Hypothesis testing and confidence sets: why Bayesian not frequentist, and how to set a prior with a regulatory authority

from arxiv, 142 pages, 72 figures, 14 tables; v7 has new appendix L on relationship between complete families of critical regions and confidence sets, and an anecdote illustrating the adverse frequentist effects of hard work

We marshall the arguments for preferring Bayesian hypothesis testing and confidence sets to frequentist ones. We define admissible solutions to inference problems, noting that Bayesian solutions are admissible. We give seven weaker common-sense criteria for solutions to inference problems, all failed by these frequentist methods but satisfied by any admissible method. We note that pseudo-Bayesian methods made by handicapping Bayesian methods to satisfy criteria on type I error rate makes them frequentist not Bayesian in nature. We give five examples showing the differences between Bayesian and frequentist methods; the first requiring little calculus, the second showing in abstract what is wrong with these frequentist methods, the third to illustrate information conservation, the fourth to show that the same problems arise in everyday statistical problems, and the fifth to illustrate how on some real-life inference problems Bayesian methods require less data than fixed sample-size (resp. pseudo-Bayesian) frequentist hypothesis testing by factors exceeding 3000 (resp 300) without recourse to informative priors. To address the issue of different parties with opposing interests reaching agreement on a prior, we illustrate the beneficial effects of a Bayesian "Let the data decide" policy both on results under a wide variety of conditions and on motivation to reach a common prior by consent. We show that in general the frequentist confidence level contains less relevant Shannon information than the Bayesian posterior, and give an example where no deterministic frequentist critical regions give any relevant information even though the Bayesian posterior contains up to the maximum possible amount. In contrast use of the Bayesian prior allows construction of non-deterministic critical regions for which the Bayesian posterior can be recovered from the frequentist confidence.
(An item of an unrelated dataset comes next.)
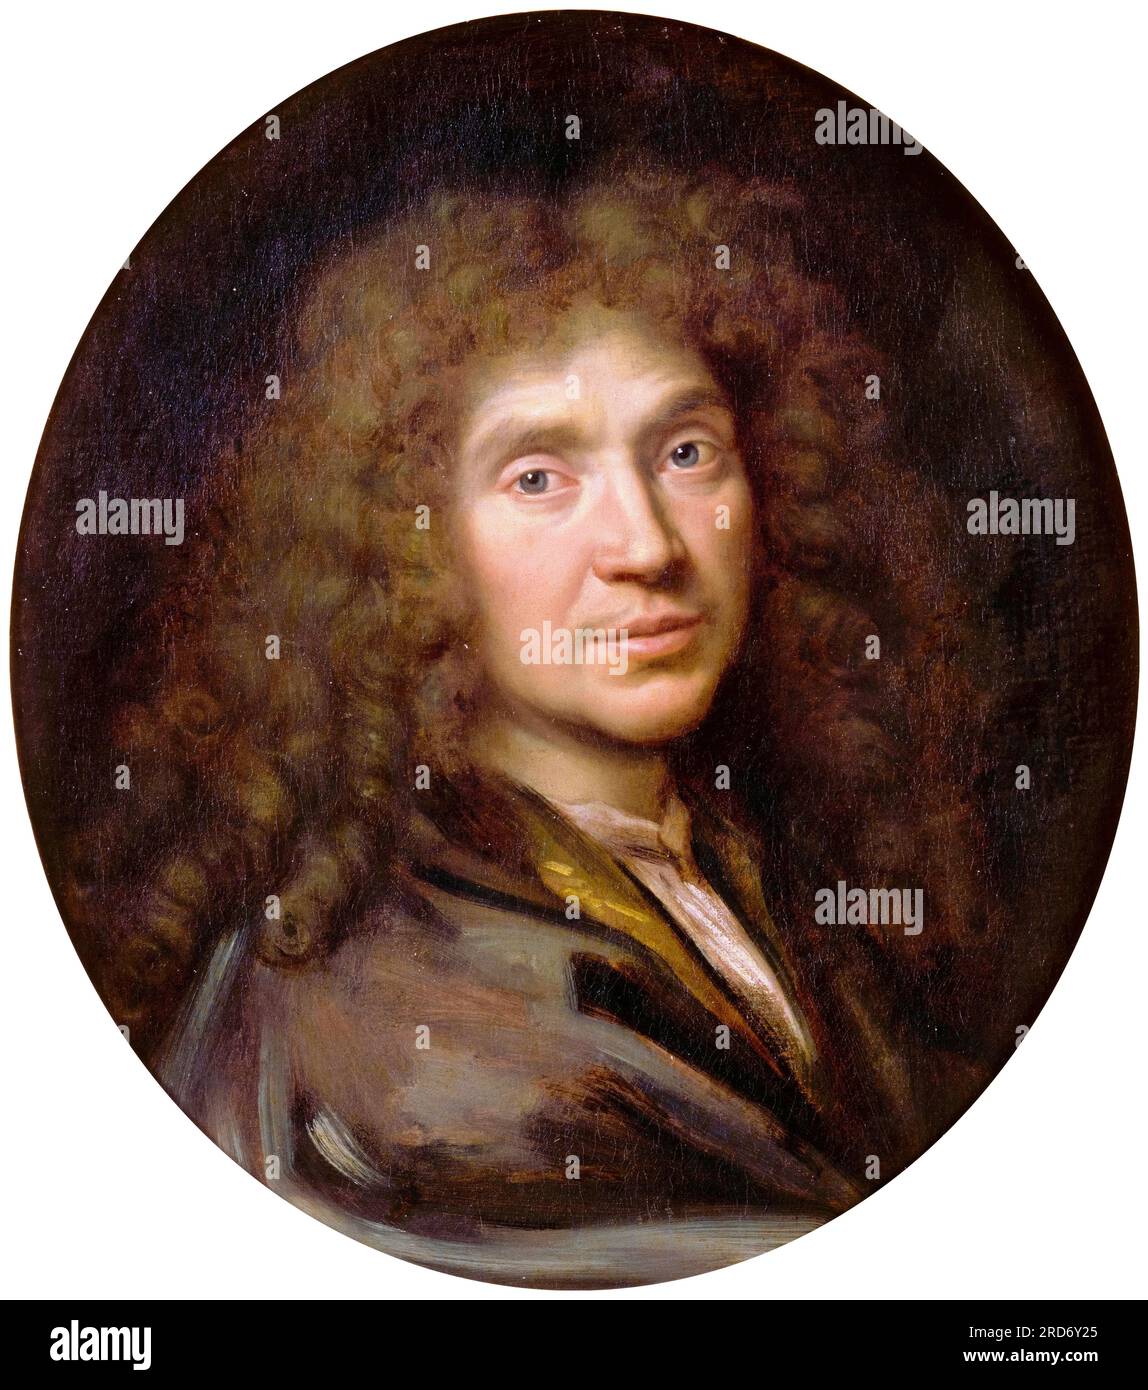 Molière (Jean-Baptiste Poquelin, 1622-1673), portrait du dramaturge, acteur et poète français à l'huile sur toile par Pierre Mignard, vers 1658 Banque D'Images

翻译：我们系统论证了为何贝叶斯假设检验和置信集优于频率学派方法。定义了推理问题的可容许解，指出贝叶斯解具有可容许性。提出七条较弱的常识性推理准则，频率学派方法均不满足，而所有可容许方法均能遵循。指出通过施加约束使贝叶斯方法满足第一类错误率准则的伪贝叶斯方法，本质上是频率学派而非贝叶斯方法。通过五个实例展示贝叶斯与频率学派的差异：第一个仅需微积分基础，第二个揭示频率学派方法在抽象层面的缺陷，第三个阐释信息守恒原理，第四个说明日常统计问题中同样存在此类问题，第五个表明在现实推理问题中，贝叶斯方法所需数据量可降至固定样本量（或伪贝叶斯）频率学派假设检验的1/3000（或1/300）以下，且无需依赖信息性先验。针对利益冲突方就先验达成共识的难题，我们通过"让数据说话"的贝叶斯策略，展示了其在多样条件下对结果的积极影响，以及促进各方自愿达成共识先验的激励效应。研究表明，频率学派置信水平包含的香农信息通常少于贝叶斯后验，并给出实例：当贝叶斯后验包含最大可能信息量时，确定性频率学派临界区域却完全无法提供任何有效信息。相比之下，贝叶斯先验可构造非确定性临界区域，使得频率学派置信区间能恢复贝叶斯后验信息。